# Available data:

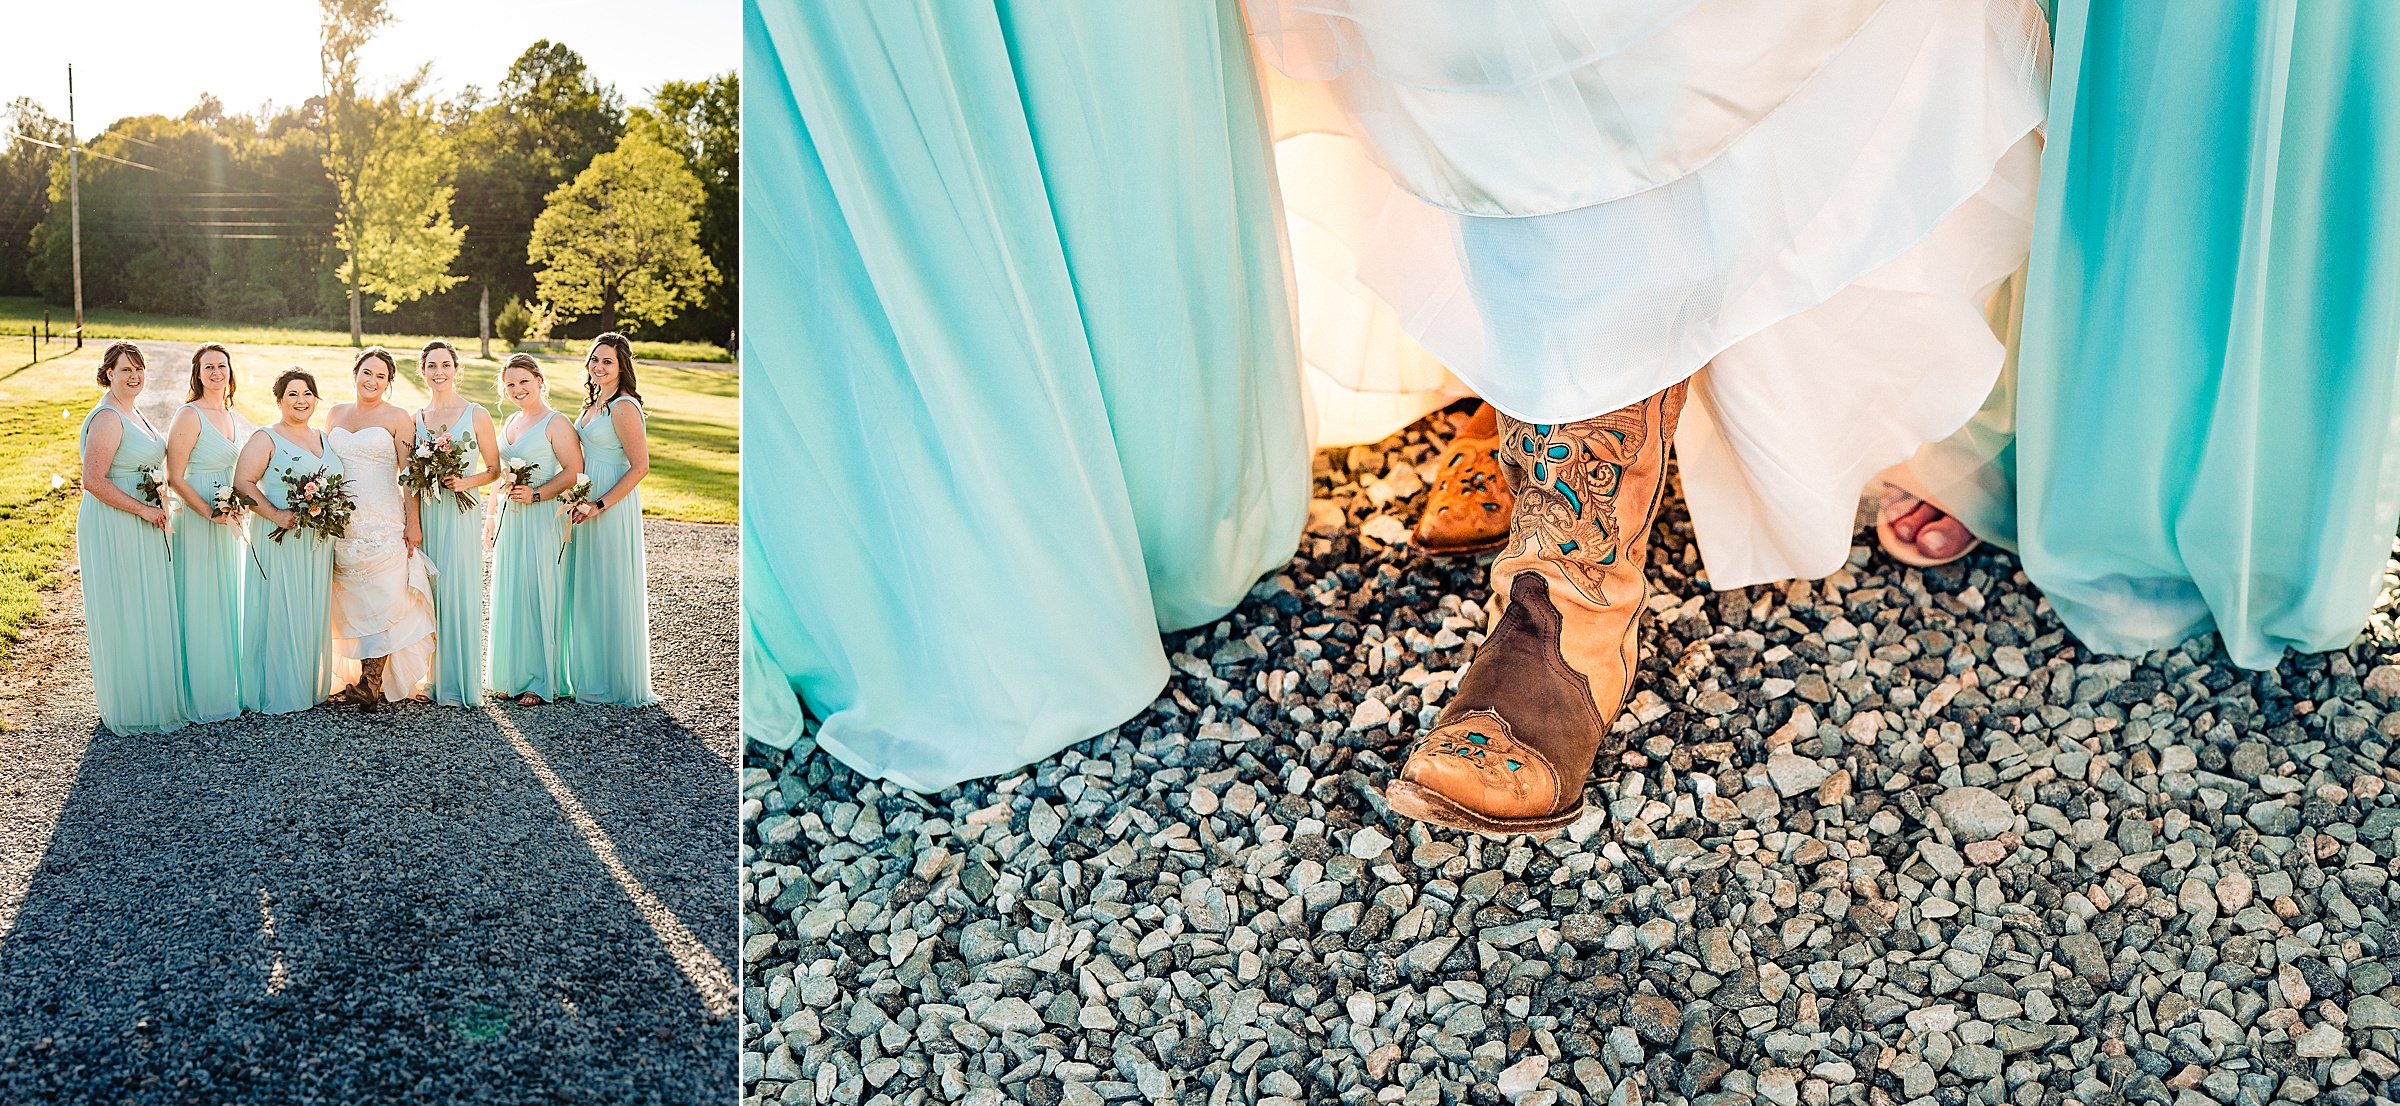 Bride in cowboy boots
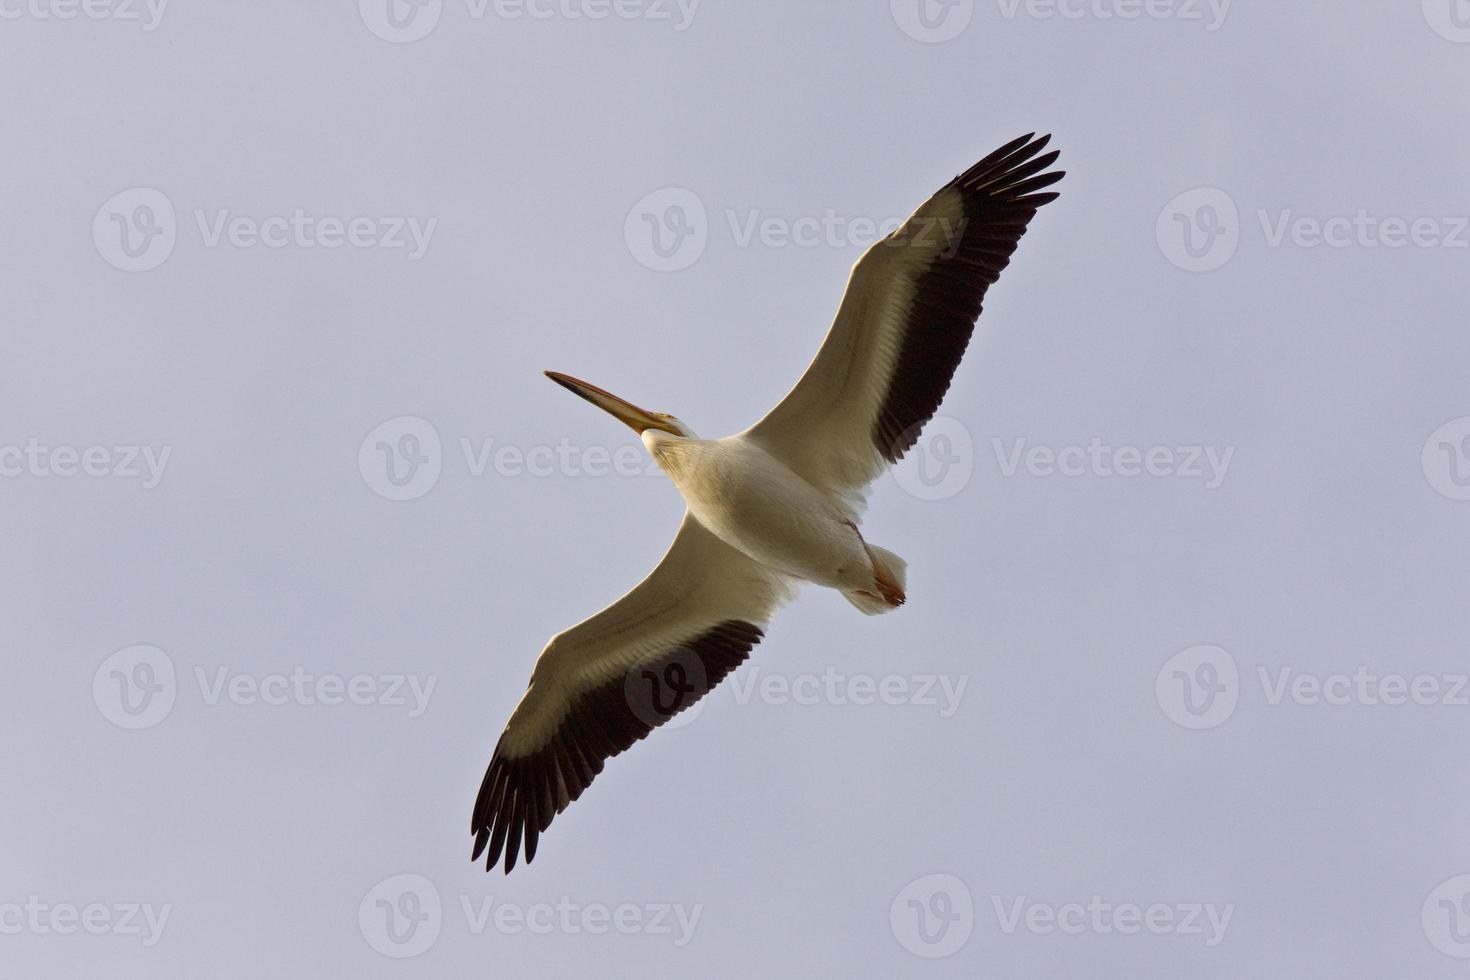 amerikansk vit pelikan under flygning Kanada foto
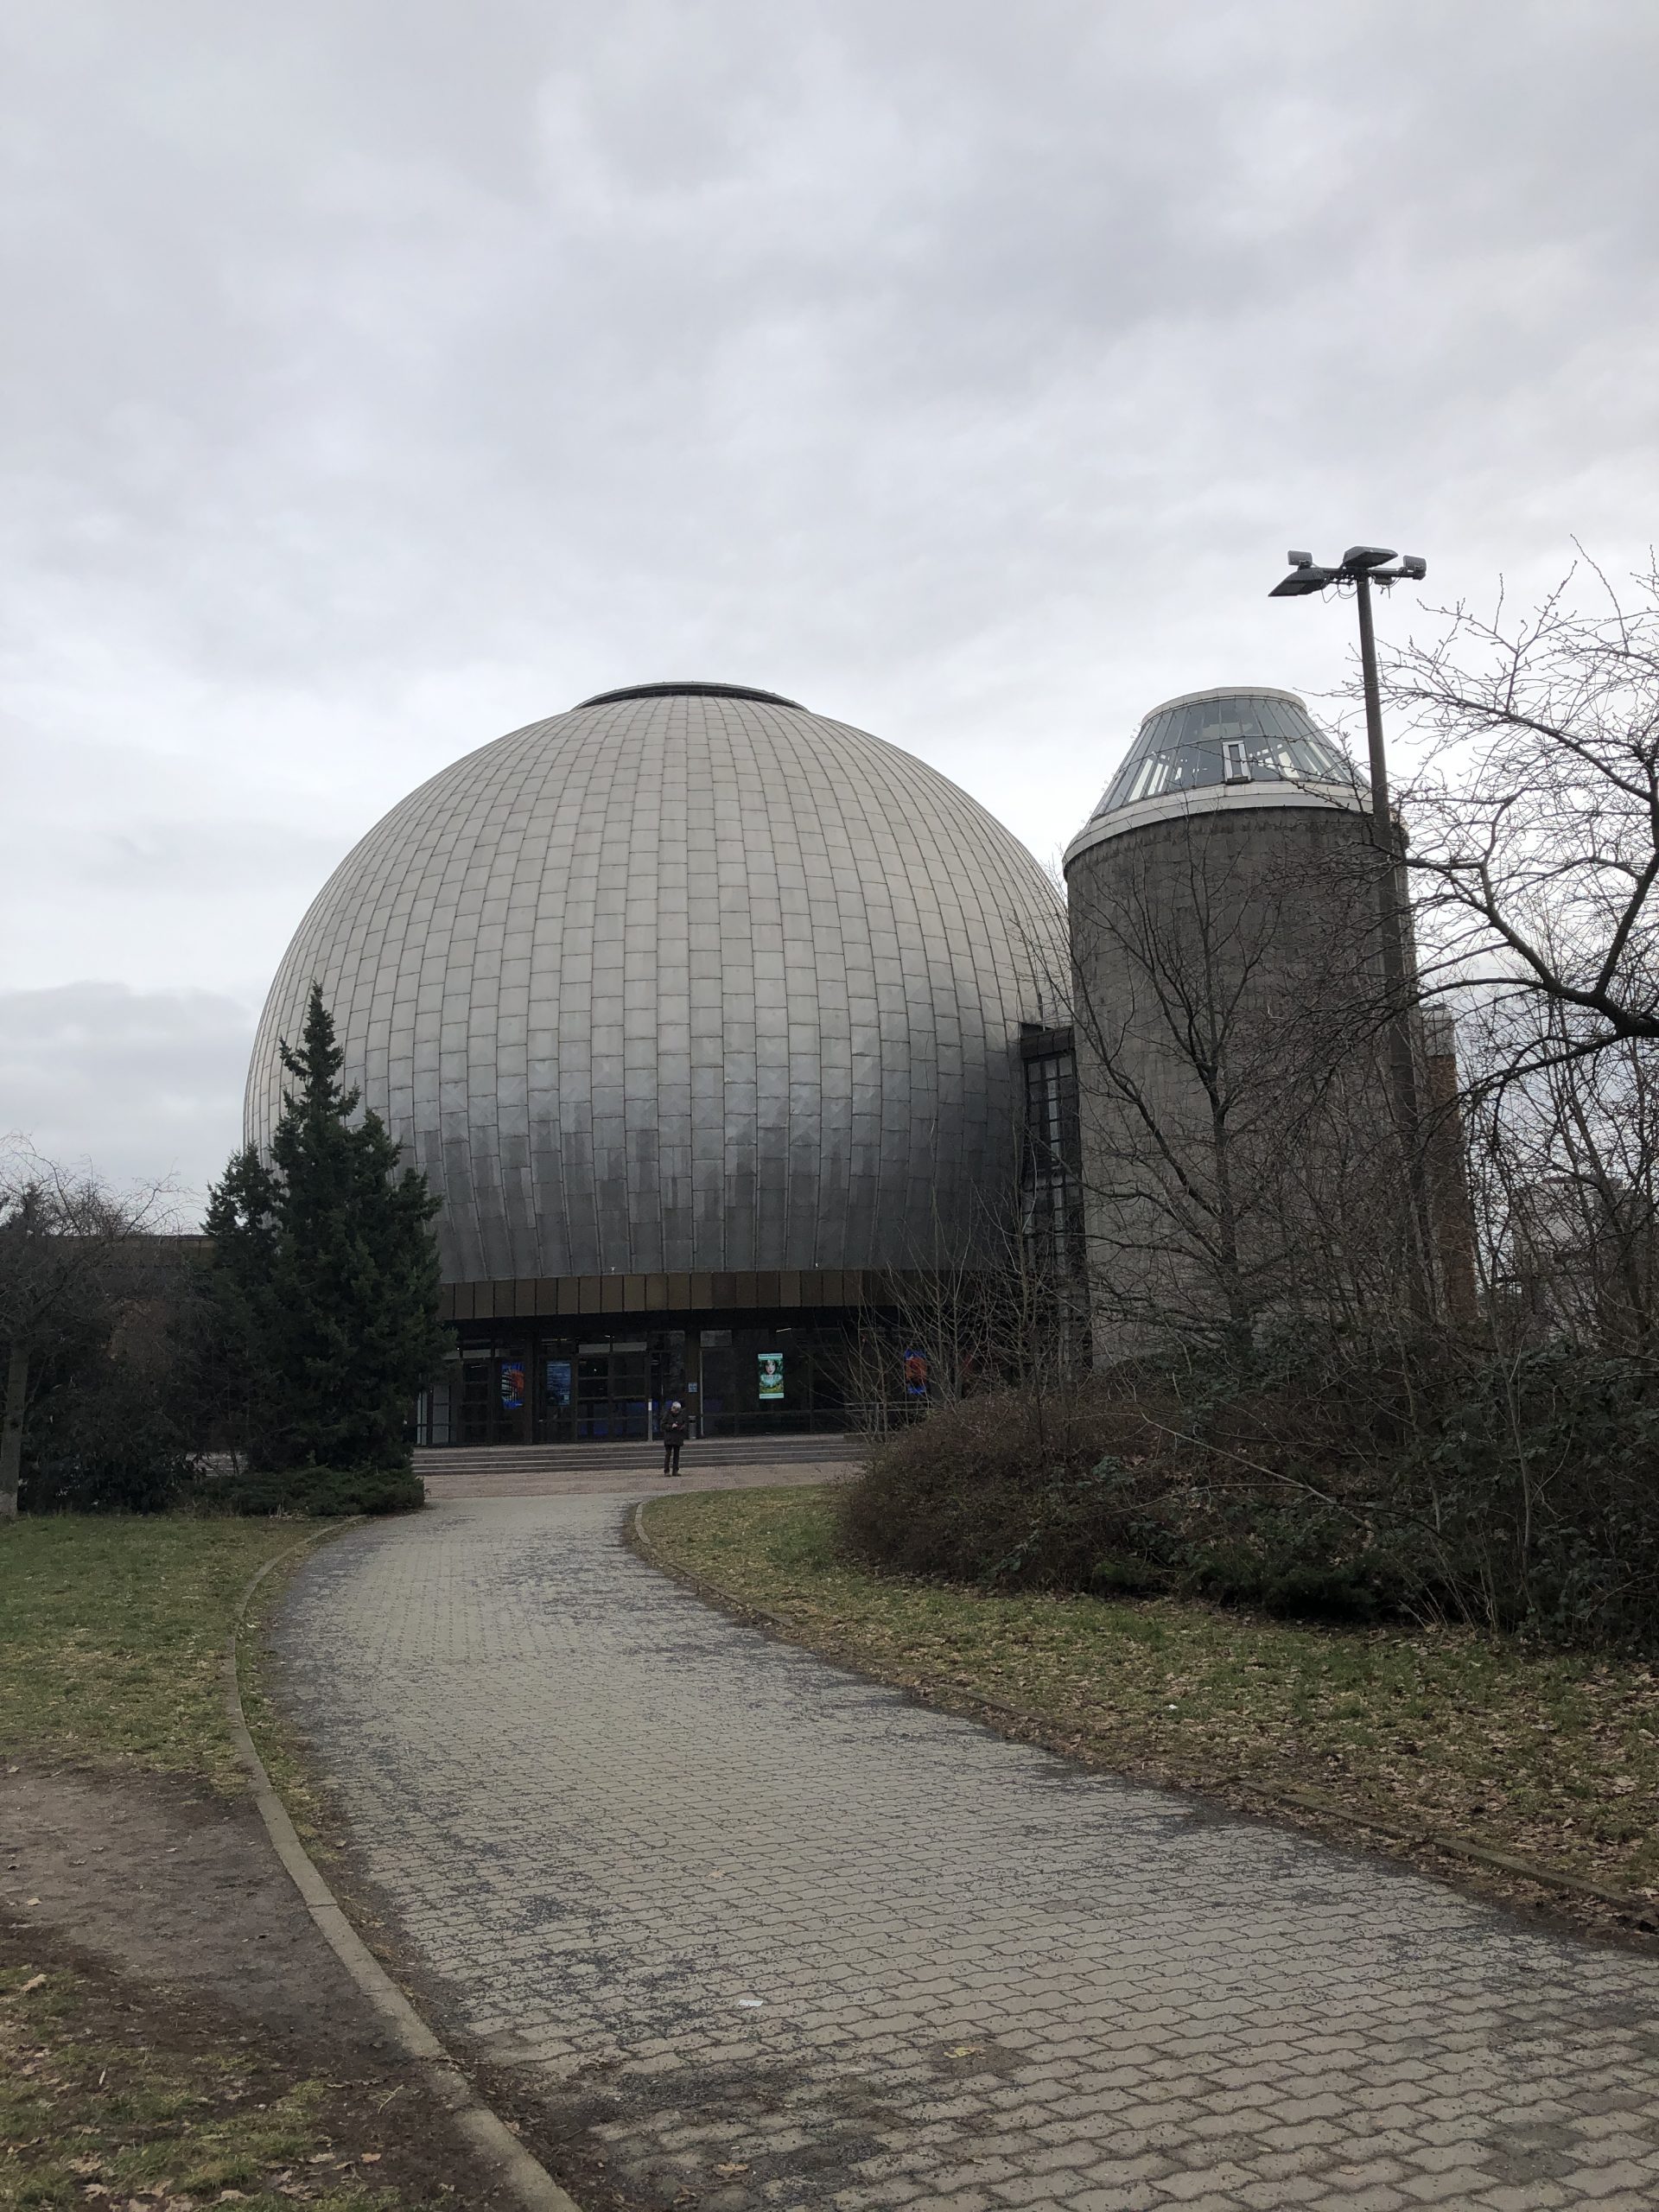 Besuch Zeiss-Planetarium

# What you need to do:
Set down the whole listing exactly as given, except for the pictures.

# Response area:
 Bride in cowboy boots
 amerikansk vit pelikan under flygning Kanada foto
 Besuch Zeiss-Planetarium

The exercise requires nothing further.